Brislington House Long Fox Manor Now luxury flats and re-named after a Georgian pioneer in psychiatric treatment, the old Brislington House is more warmly remembered as a home for nurses.There is a 150 year-old link between Brislington, Bristol and the City of the Eels in Australia.
Brislington House was built in 1821, and for nearly a century housed the Brown family of doctors. However, even older Bristolians would have problems recognising it because it stands in Parramatta, New South Wales, Australia.
Yet there is a strong link with Bristol’s Brislington and Keynsham and that part of Australia, as former Bristolian Bill Cridland discovered on a visit. The house was built for one John Hodge, a prisoner who had been transported to New South Wales in 1806. He tried to escape by stowing away on a whaler, but was recaptured, so he settled down-under with a wife and children and began a life of petty crime.

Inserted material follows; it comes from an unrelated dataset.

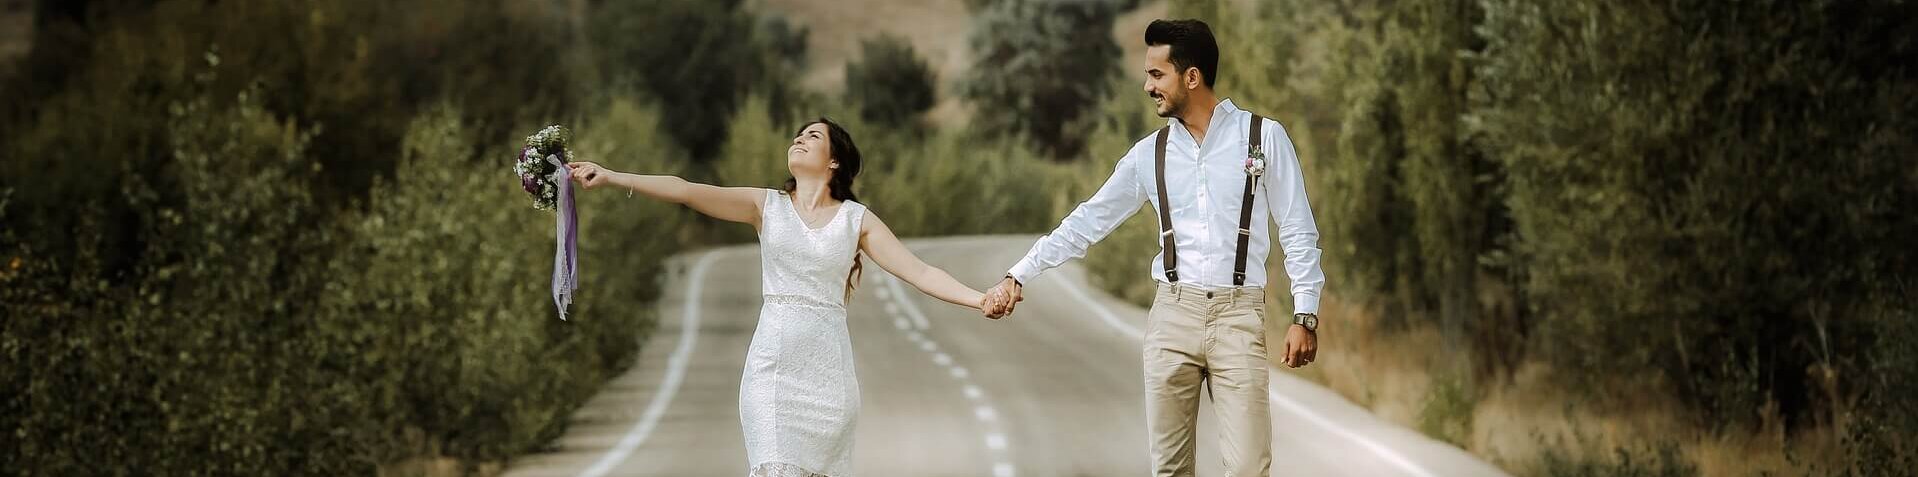 Ein glückliches Brautpaar läuft auf einer Straße und hält sich die Hände

He managed to win his freedom with a rather dubious venture involving horse and cart hire, and ran a very successful illicit grog business.

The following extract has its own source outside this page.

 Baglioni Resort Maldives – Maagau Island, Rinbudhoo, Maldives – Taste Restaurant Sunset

Then he won £1,000 in gold at cards, bought some land and started building the house. As the eight of diamonds had been his winning card, he had an eight of diamonds design picked out in brickwork on a back wall. However Hodge had to sell the house when he was jailed for a year for illegally selling drink. It was then discovered that his kitchen fireplace had been made from a stolen mortuary stone (the slab later became a garden seat).

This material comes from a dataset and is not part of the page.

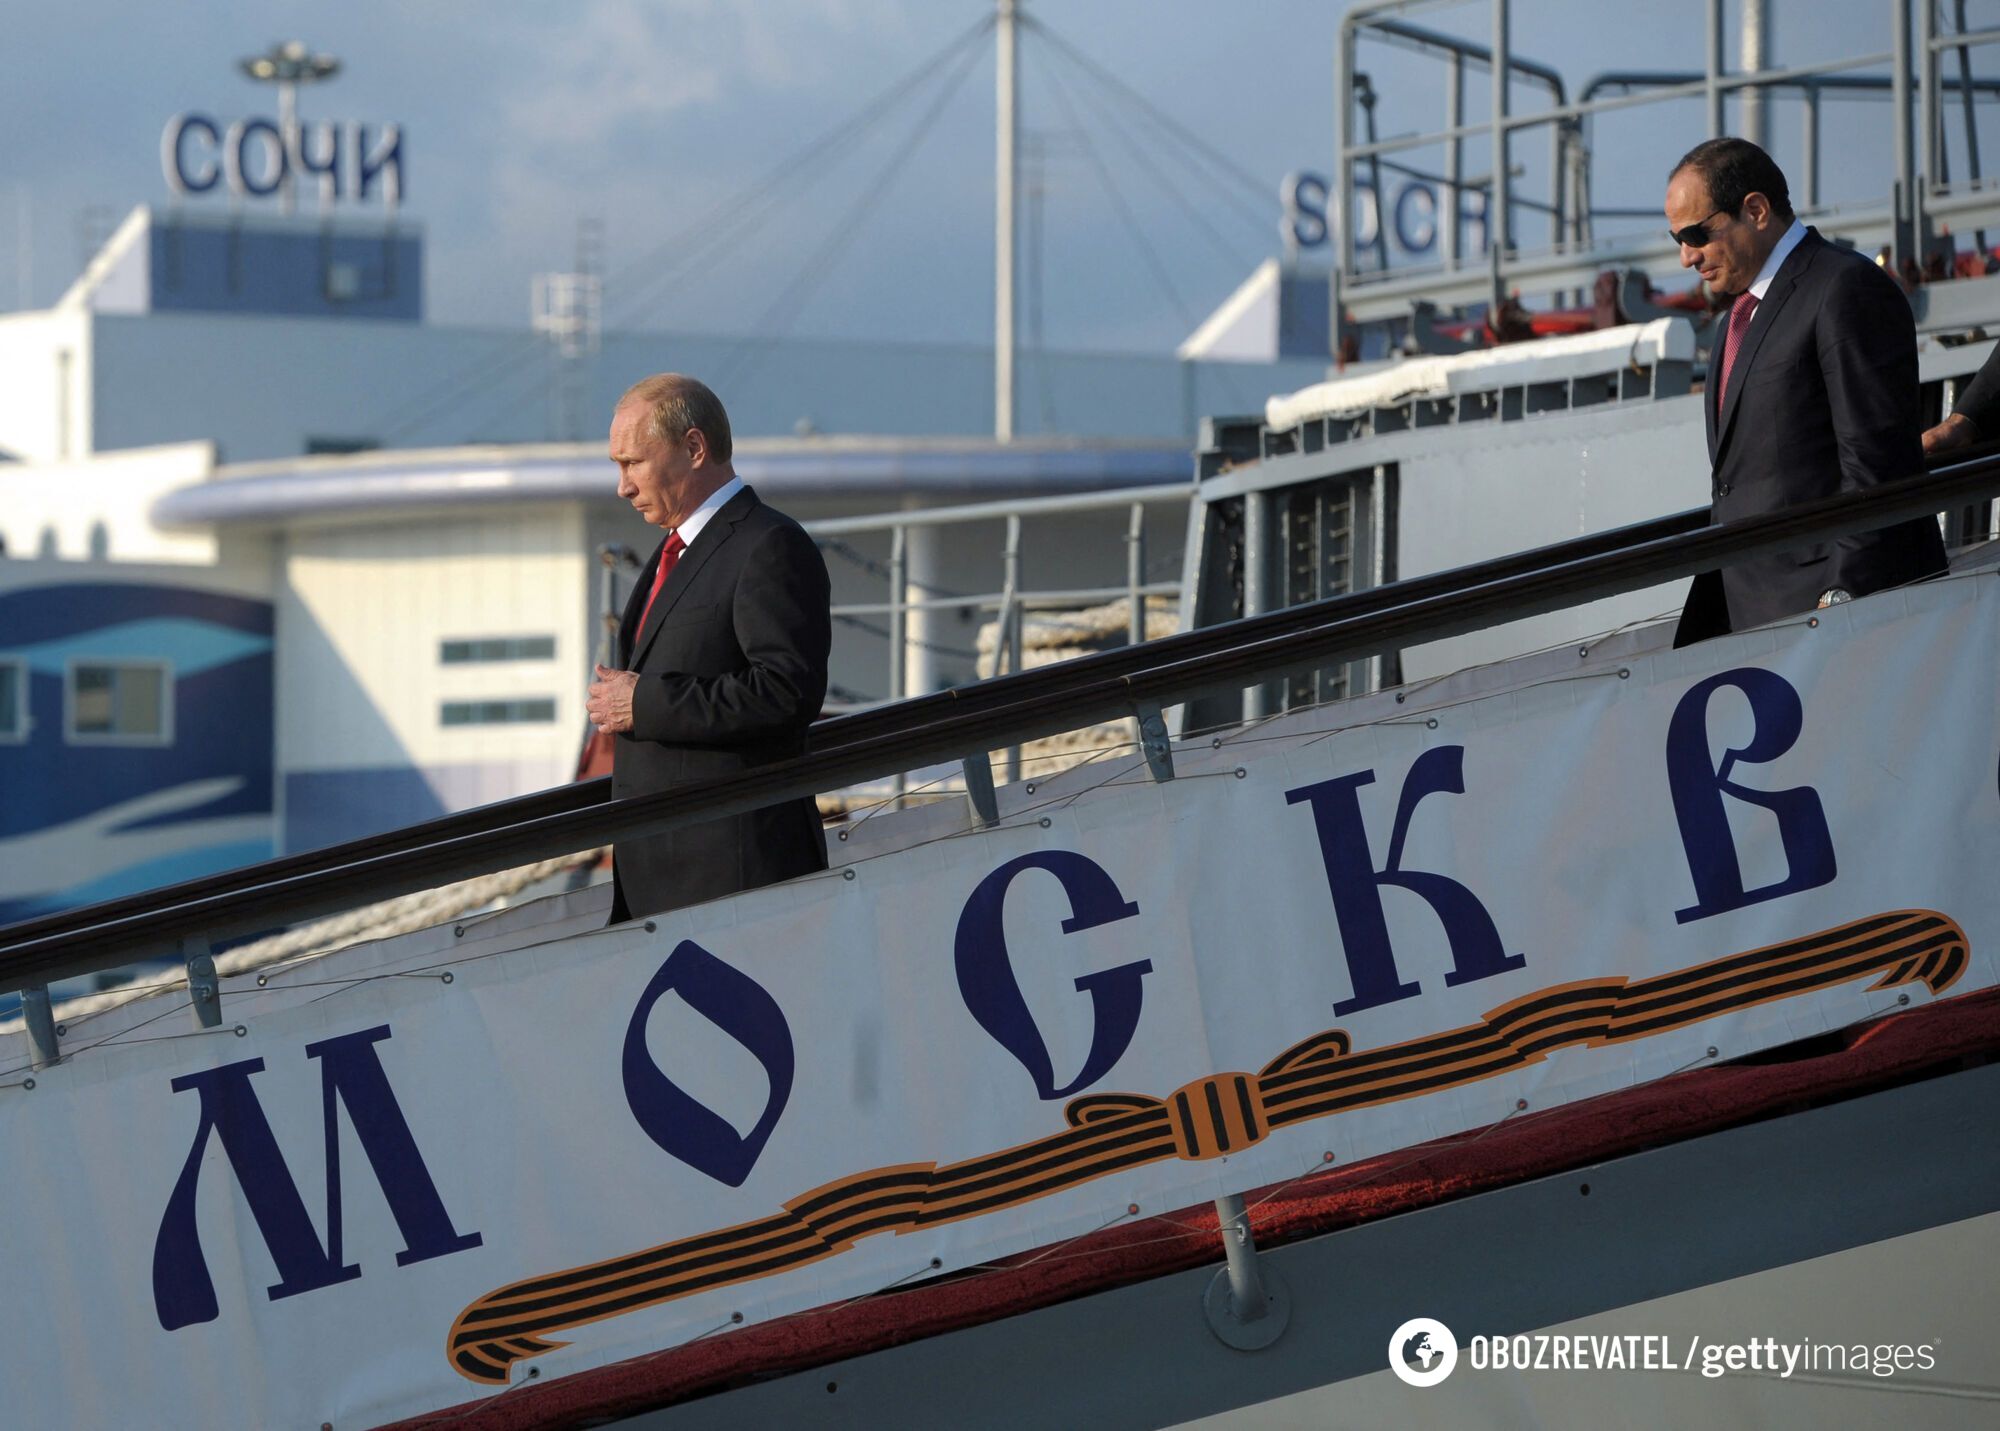 Putin i prezydent Egiptu Abdel Fattah al-Sisi (R) opuszczają krążownik rakietowy Moskwa w porcie w Soczi, 12 sierpnia 2014 r.

The house was sold in 1825 together with one of the first five wells dug in Australia. By 1857, it was occupied by Dr Walter Brown who named it Brislington after the (then) Somerset village in which he was born in 1821. He was one of nine children of architect John Brown and his wife Mary. His mother died when he was 10 but he was well educated by his father.
When he was 16 he was apprenticed to Bristol surgeon I.G. Lansdown before training further at Edinburgh University. He became a General Practitioner in Keynsham before emigrating to New South Wales where he settled in Parramatta (Aborigine for ‘City of the Eels’).
image above: Brislington House. The home of the Brown family in Parramatta, New South Wales.
When British troops withdrew from the colony, the Parramatta Volunteer Rifle Corps was founded with Dr Brown as captain. Every evening the corps marched down the main street from the government house to assemble outside Brislington where the union flag was lowered at sunset.
Dr Brown was also a strong force behind the development of hospital facilities in the settlement after having to remove an ovarian cyst from a patient in a local boarding house. By the time he died in 1897, a new hospital was under construction. His son, Walter Sigismund, took over Brislington and the practice in 1889, and his grandson, Keith, followed in 1919. But in 1947, the hospital decided to take over Brislington as a nurses home and Dr Keith moved to a nearby street until his death in 1962.
Brislington had been a family home and medical practice for 92 years, and today houses a collection of medical and nursing memorabilia. It also holds some pictures of Bristol’s Brislington. Bill Cridland, who lived in Be-I-Bristol, Yennora, New South Wales, comments, ‘I took a book along showing some pictures of Brislington old and new, which they copied, so they may find a space there somewhere.
As Walter Brown was one of five children, it is likely that there are still members of the family still living in Bristol’.